JG: I met an Indian businessman a few years back in Jaipur.  I had been visiting an Indian textile company and I remarked that the surrounding rivers were so filthy and polluted. He said to me “My dear, commercialization is going to bring India out of the slums”; he went on to argue that these rivers and surrounding filth were only a stones throw away from the nineteenthh Century industrial revolution that had taken place in Europe, a time when European cities were full of squalor. What do you think about this remark?


NM: Yes, but why do we have to reinvent the wheel? I think that today you can have industry without all that pollution.  You know London in the 1960s, think of all the smog.  I went their in the sixties, my father worked for Air India so I got a free ticket, and it was black, like a hellish city.  And in fact the chemicals that we have now for the textile industry are far more potent than those used more than a hundred years ago and can make things a lot worse.  And you don’t know how these chemicals are going to affect the groundwater, you see, and so when that happens it can affect the plant life, and then it affects the human being and it leads to more disease.  You see, poor people are uneducated, they don’t know that they should were gloves, they shouldn’t be breathing in certain things; this is actually killing a lot of people.  And why are we doing this? Money? For getting a Rolex watch? What is the end? What is the aim?


JG: I was curious to see what other Indian artists had exhibited here in Ireland. A few years ago Grant Watson co-curated with Suman Gopinath an exhibition called Drawing Space: Contemporary Indian Drawing.


NM: I know him! They were both in Venice this year too. Actually I don’t know about Ireland but together they curated an exquisite show in London at the Tate.  It was three artists from India.


JG: Yes, that’s it! It was brought to the Project in Dublin, there was Nasreen Mohammedi, Sheela Gowda and N.S.Harsha, on exhibit.


NM: Yes, I loved that show.


JG: Nasreen Mohamedi’s work at first glance seems less overtly Indian…more abstract.
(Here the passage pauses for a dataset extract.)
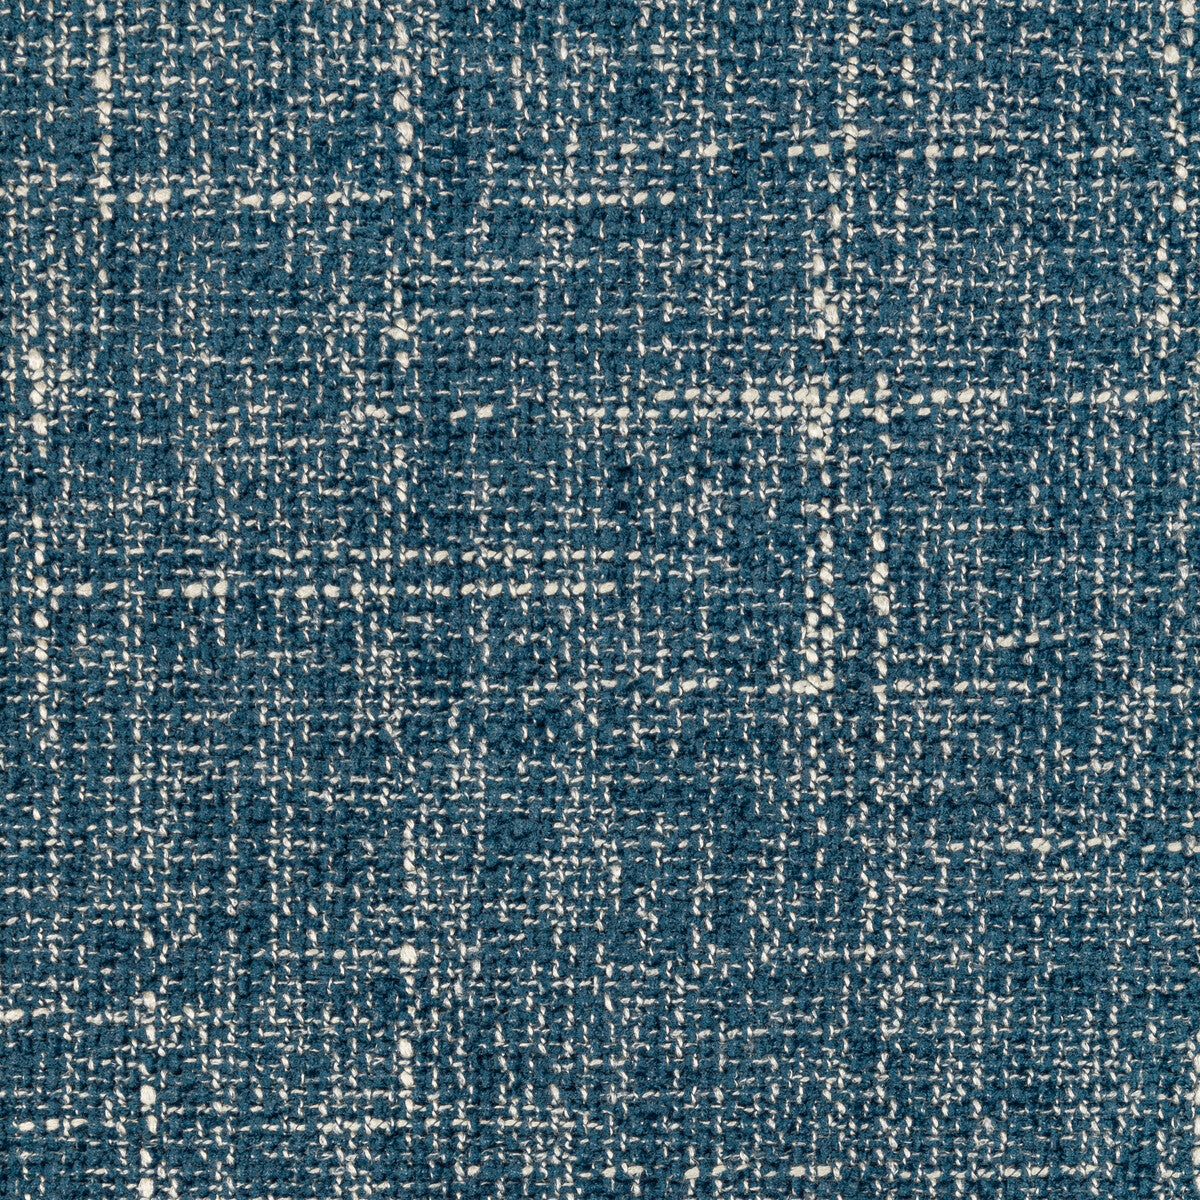 Kravet Smart fabric in 36579-516 color - pattern 36579.516.0 - by Kravet Smart in the Performance Kravetarmor collection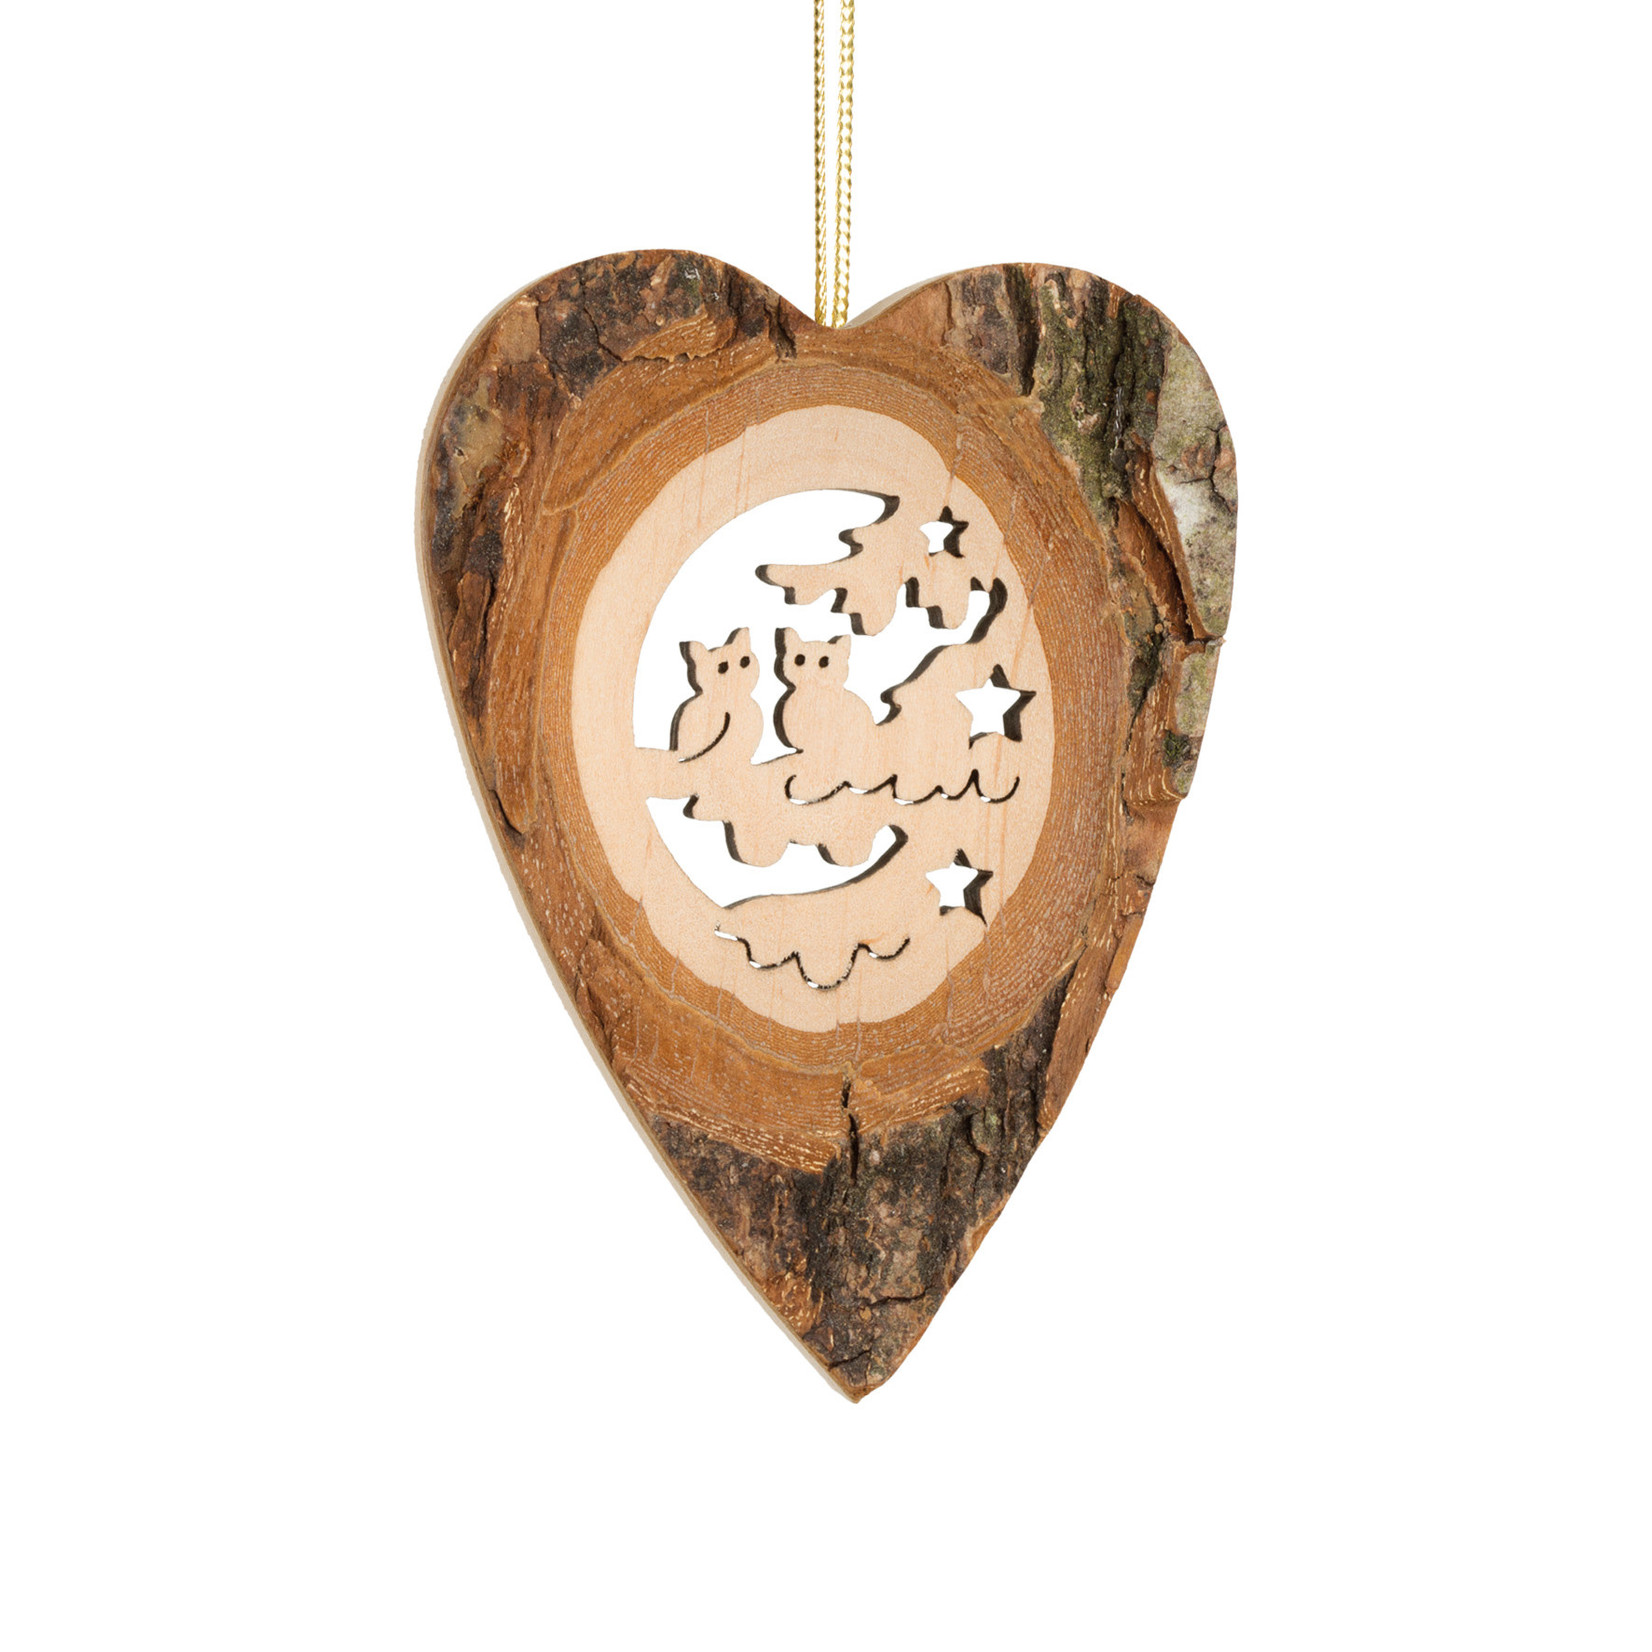 Waldfabrik Ornament Heart Bark - Owls in Tree

NM: Yes, very abstract but that’s the first layering.  Actually, she was my best friend, she used Buddhism and Sufi poetry, which is very abstract.  So it looks as if it is more Western and more abstract but its resonances are from the East. I knew her very well…she was a recluse, she was like a fakir… and at one time I used to tell her that somebody should make a documentary on her, because of the way she lived…the way she organized her home, her workspace, her art, it was seamless…She rented a home where she was teaching and I was there with her for about two months and I said “I’ll do your garden,” and she said, “Yes, but do remember only white flowers.”


JG: Equally, Nalini, there seems to be a dignity in your work. It’s as if you manage to steer through the clutter of life, and yet finely tuned narratives manage to emerge.

NM: Really! That’s very nice to know because there is a lot of clutter still in my head! Nalini laughs.


Jennie Guy is a writer and curator based in Dublin.